Background information
- Born: Justine Elinor Frischmann 16 September 1969 (age 56) Twickenham, Greater London, England
- Genres: Alternative rock; Britpop;
- Occupations: Musician; painter;
- Instruments: Vocals; guitar;
- Years active: 1989–2002 (musician); 1999–present (painter, artist);
- Formerly of: Suede; Elastica;
- Spouse: Ian Faloona ​(m. 2008)​
- Partner(s): Brett Anderson (1988–1991) Damon Albarn (1991–1998)
- Website: justinefrischmann.net

= Justine Frischmann =

English musician (born 1969)

Justine Elinor Frischmann (born 16 September 1969) is an English artist and retired musician.
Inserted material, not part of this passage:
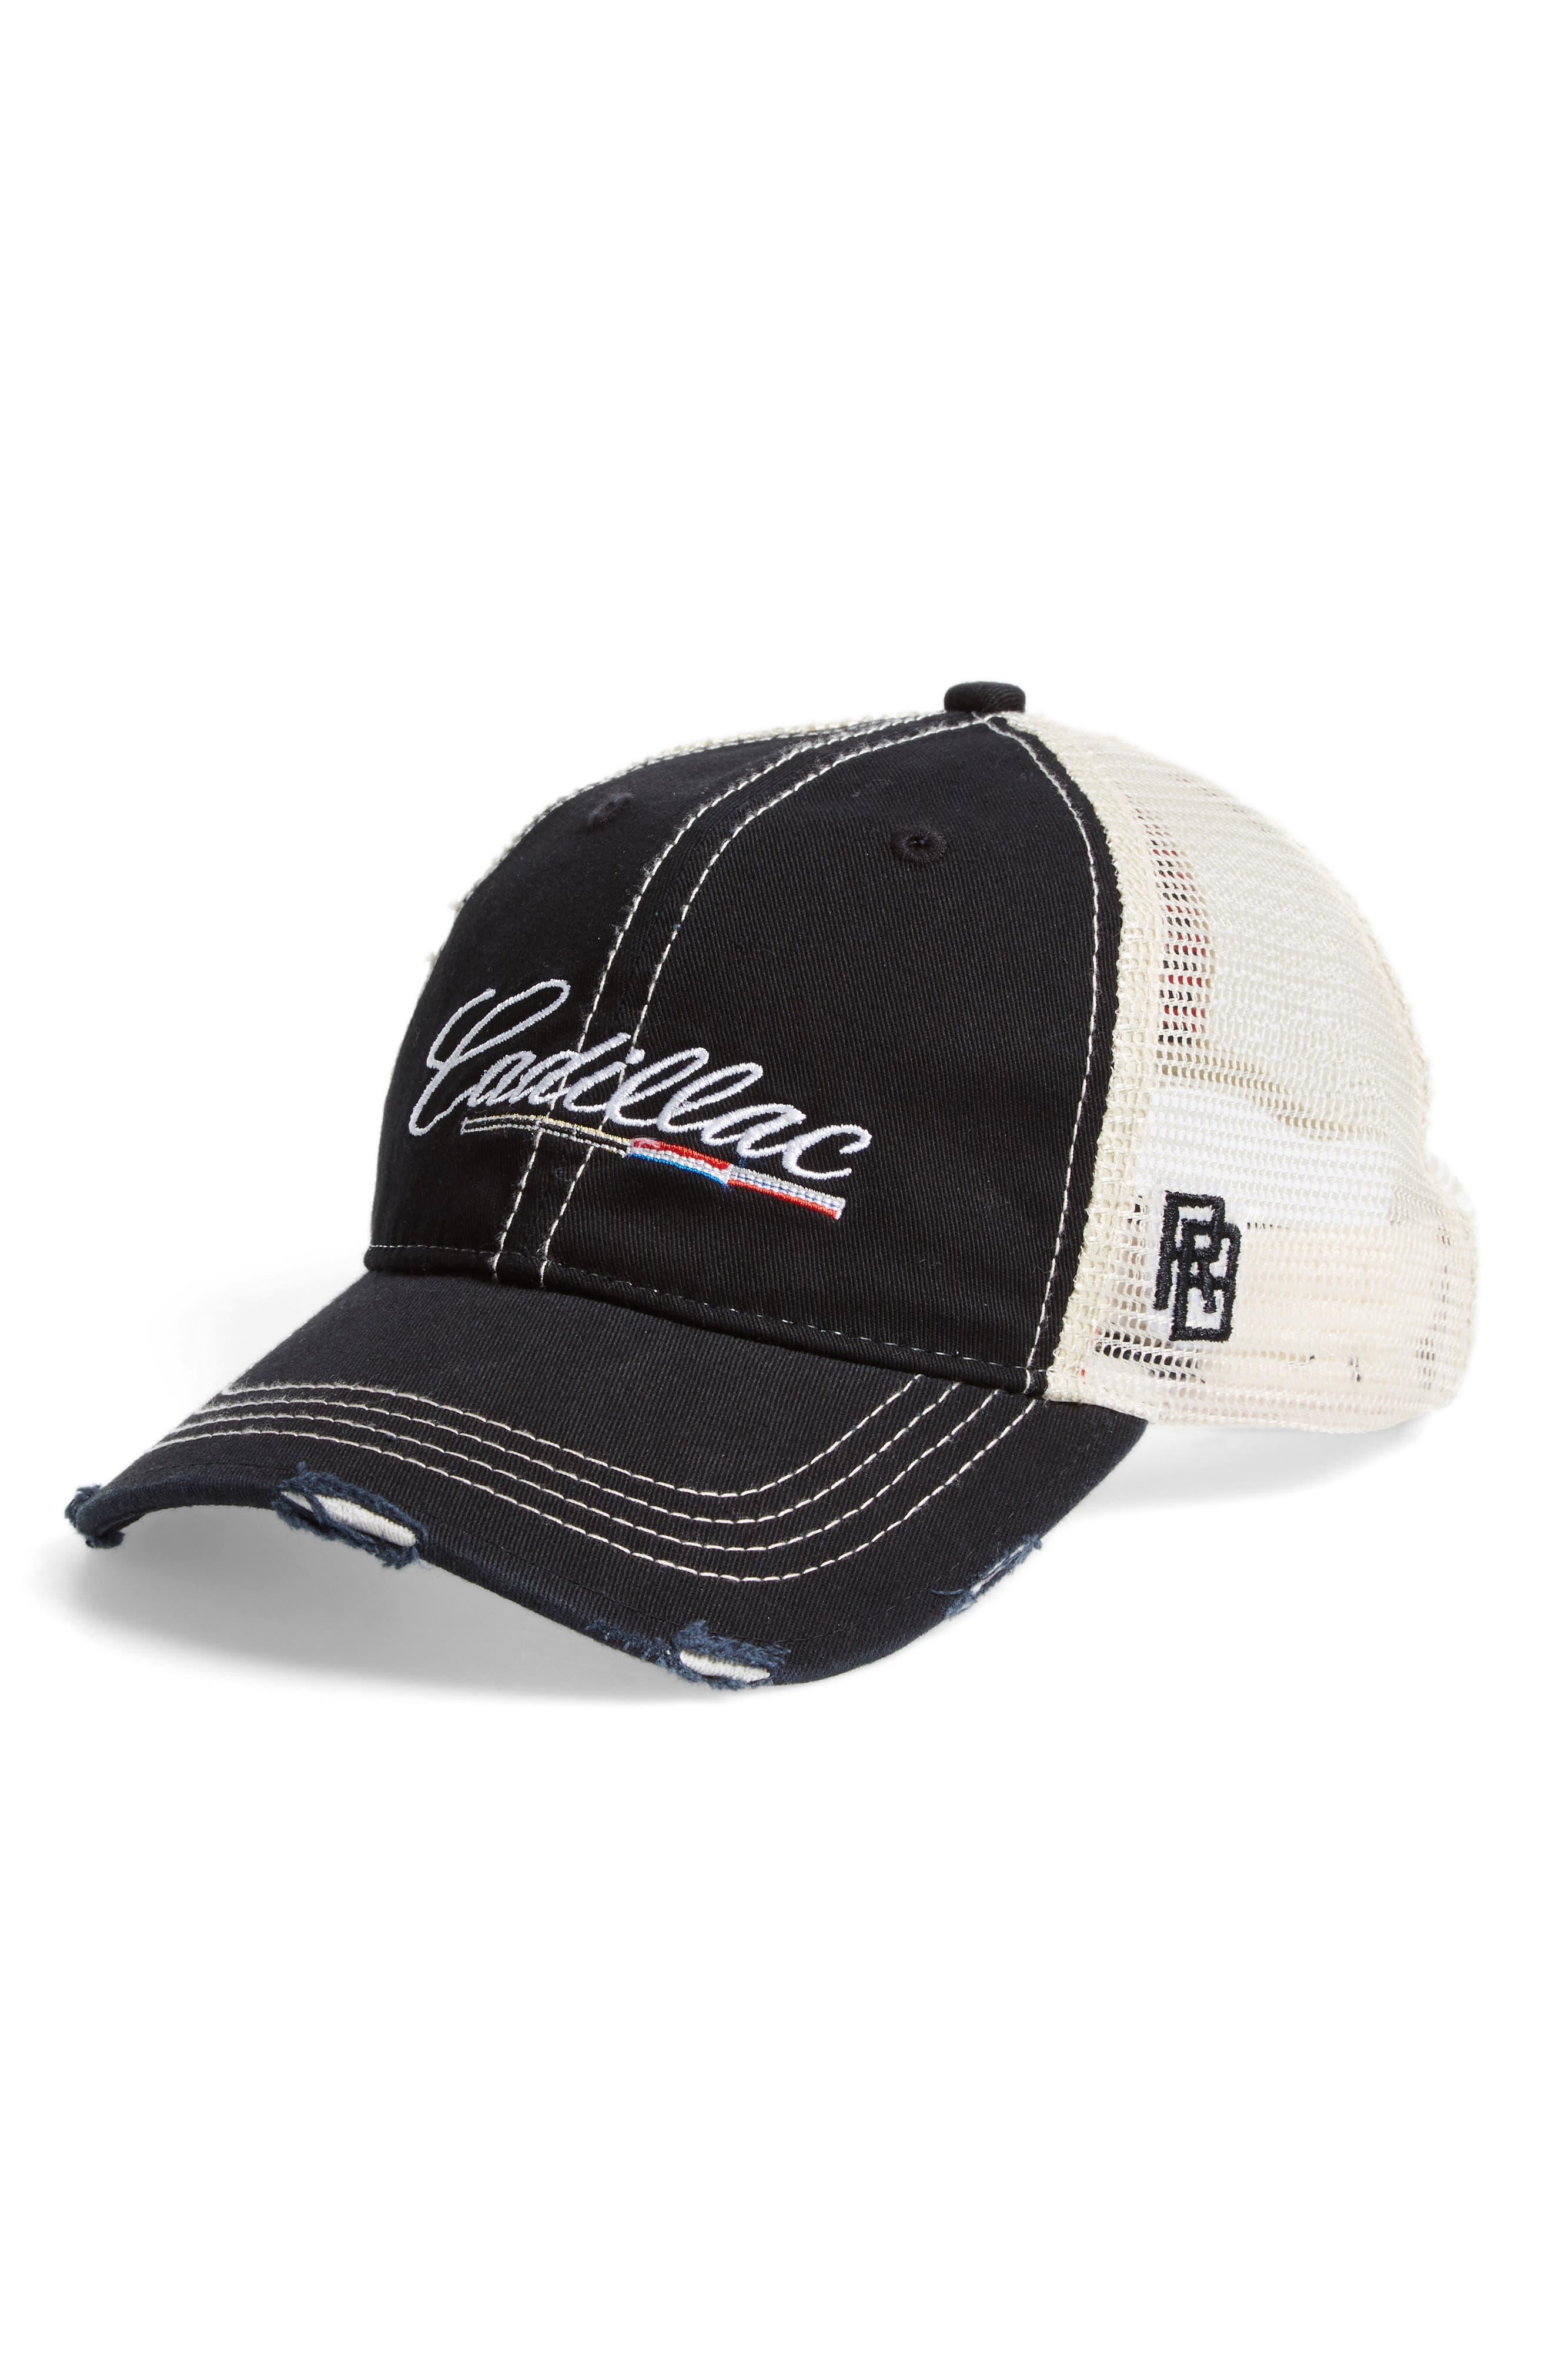 Original Retro Brand Cadillac Trucker Hat

After forming Suede, she co-founded the Britpop band Elastica before retiring from the music industry and pursuing a career as an artist.

==Early years==
Frischmann was born on 16 September 1969 in Twickenham, England, the daughter of Wilem Frischmann, a Hungarian Holocaust survivor who is the former chairman of the Pell Frischmann company of consulting engineers, and a Russian mother. Her parents are Jewish. She grew up in Twickenham, Greater London, and attended St Paul's Girls School, before studying at the Bartlett School of Architecture at University College London (UCL) from 1989 to 1993.

==Career==
===Music===

Frischmann began writing and studying music at age 11.

She was a founding member of the band Suede with Brett Anderson, whom she met at UCL in 1988. She left the band in October 1991. In the 2018 documentary The Insatiable Ones, Anderson cites her as a highly significant influence on the band's first album.
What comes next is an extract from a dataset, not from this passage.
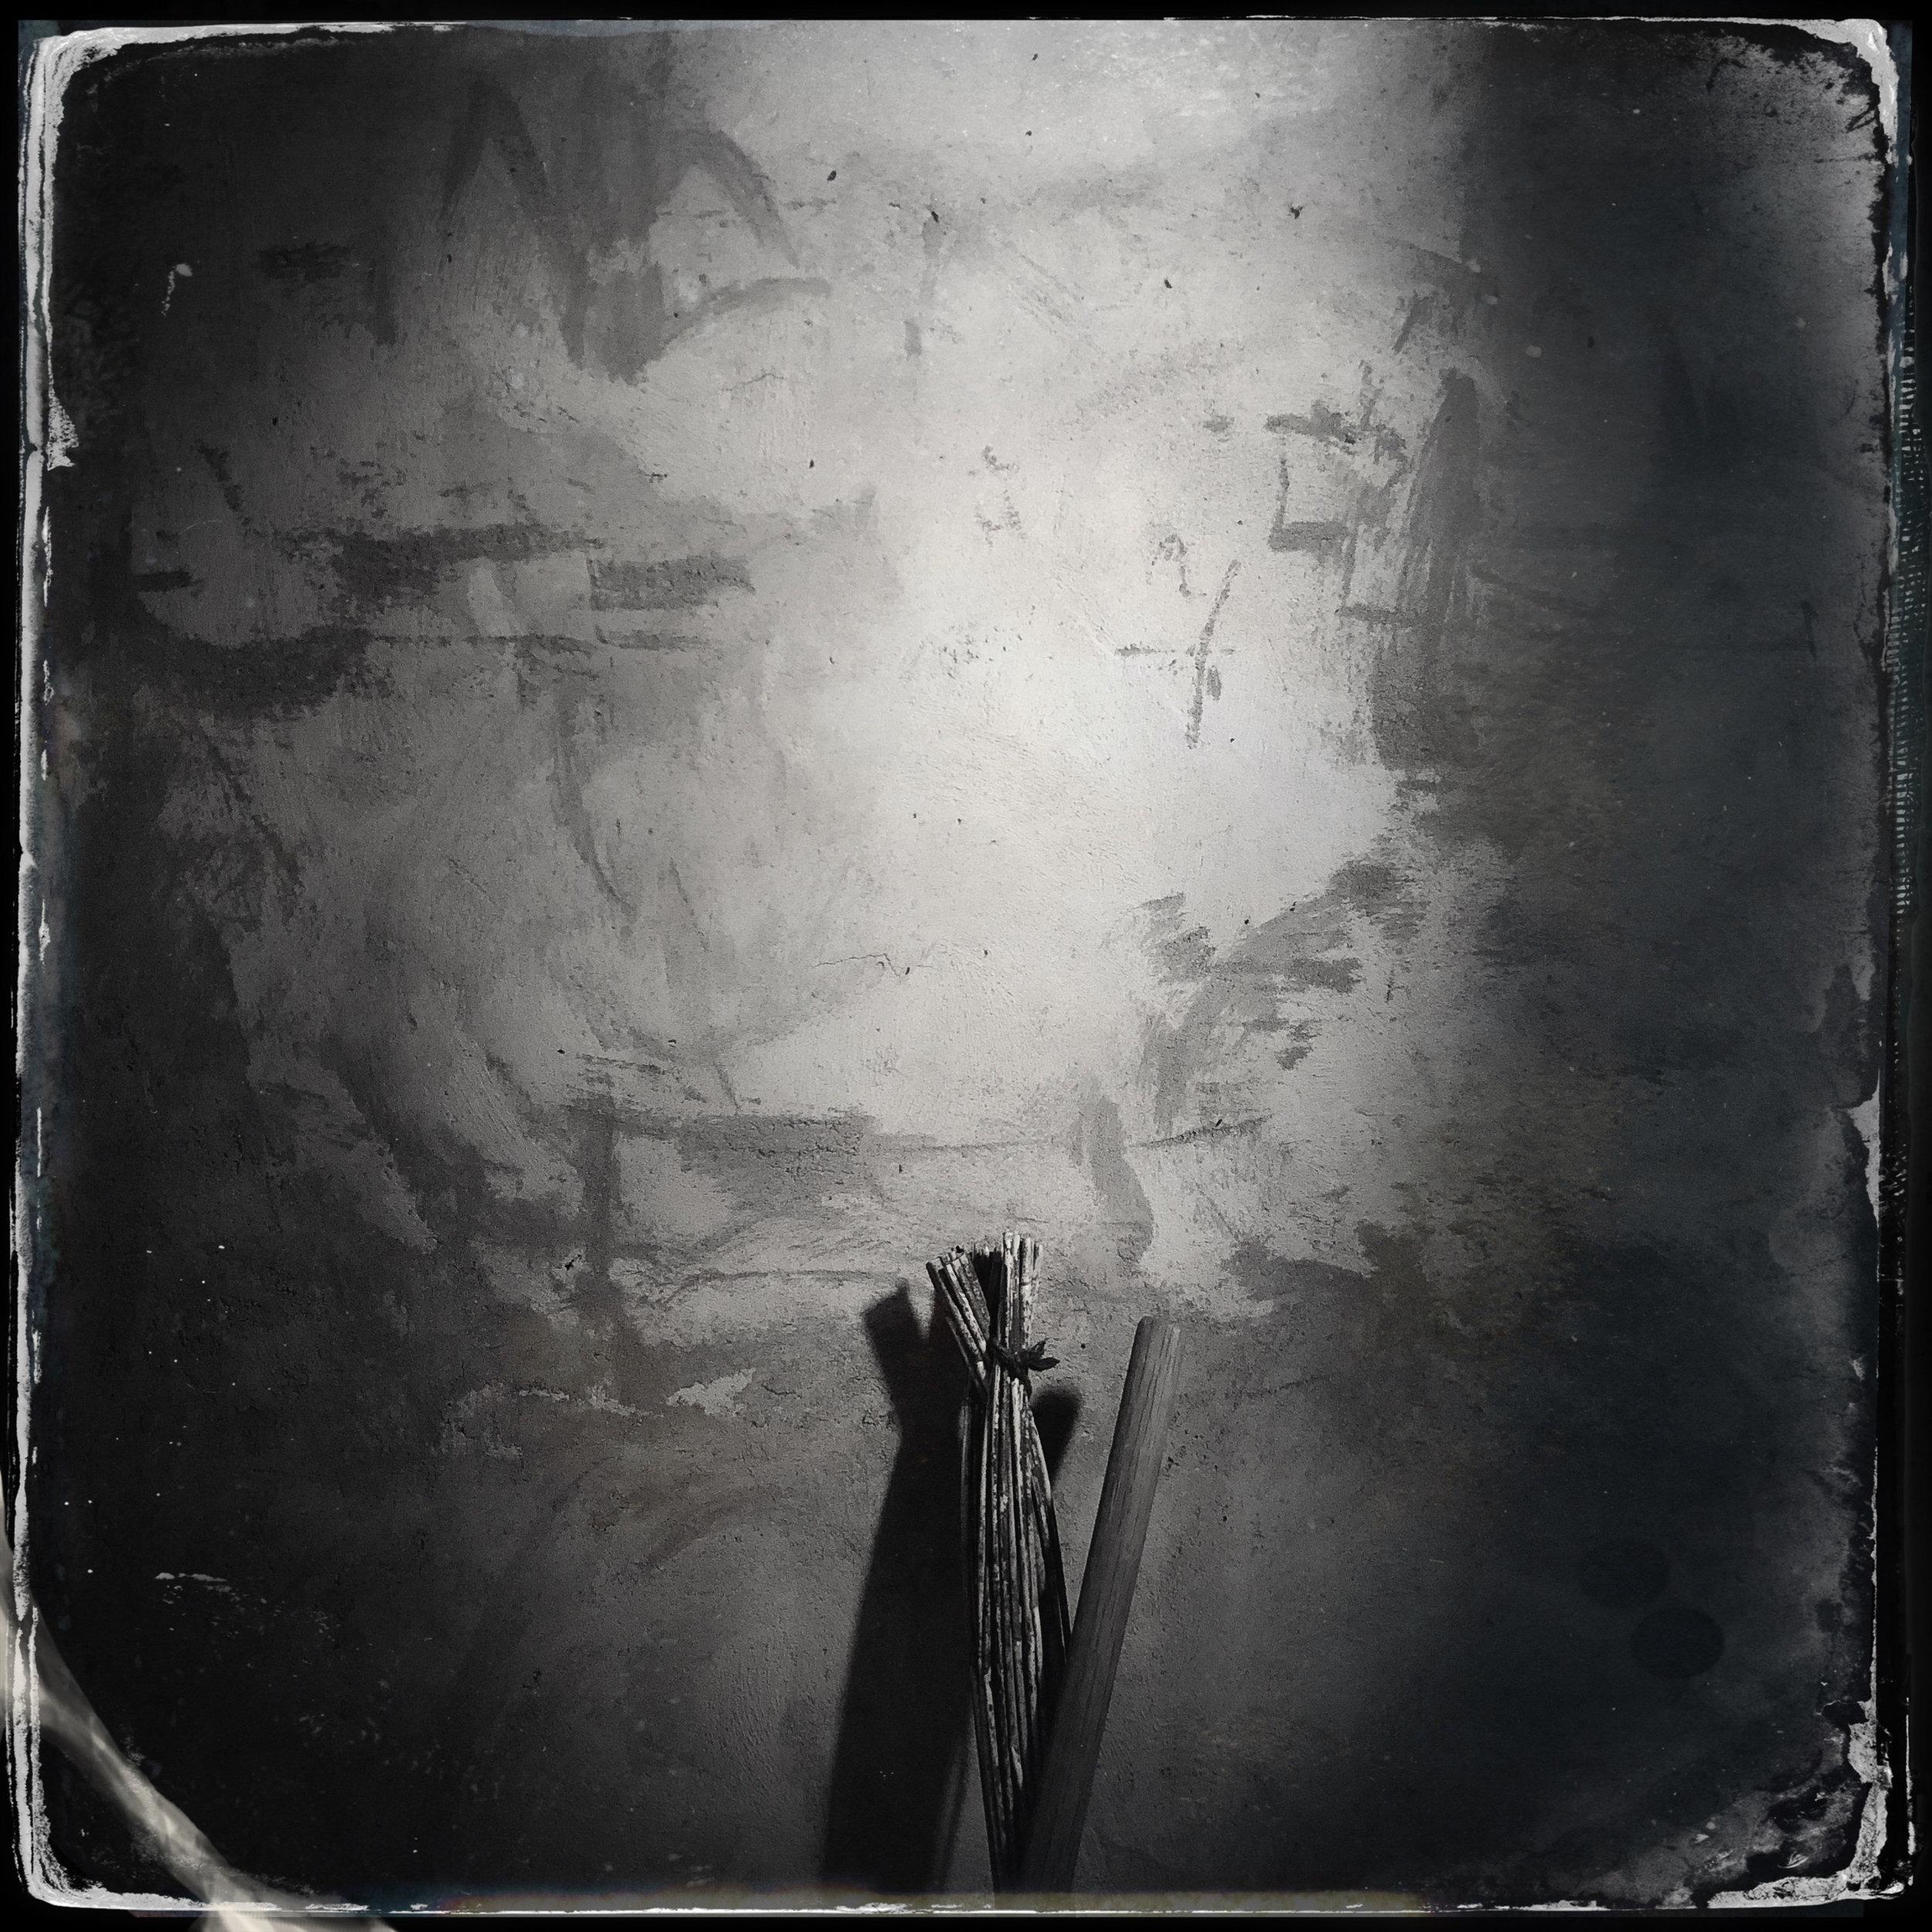 HipstamaticPhoto-575001219.296258.jpg

Frischmann later founded and fronted her own band, Elastica. In 1994, Elastica were voted Best New Band by NME readers at the Brit awards. They were signed to Deceptive Records in the UK, and later with Geffen Records in Europe and the US. Their first album, Elastica, released in 1995, became the fastest-selling debut album in UK history. In 1995, Elastica were nominated for the Mercury Music Prize for Elastica. The album went on to sell over a million copies worldwide. In 2001, the band announced an amicable breakup, citing, in part, burnout from a grueling touring schedule.

Frischmann spent the next few years developing artist M.I.A., whom she discovered. M.I.A. was Frischmann's friend and flatmate. Frischmann co-wrote and produced M.I.A.'s demos for her first album, Arular, most notably its 2003 single "Galang".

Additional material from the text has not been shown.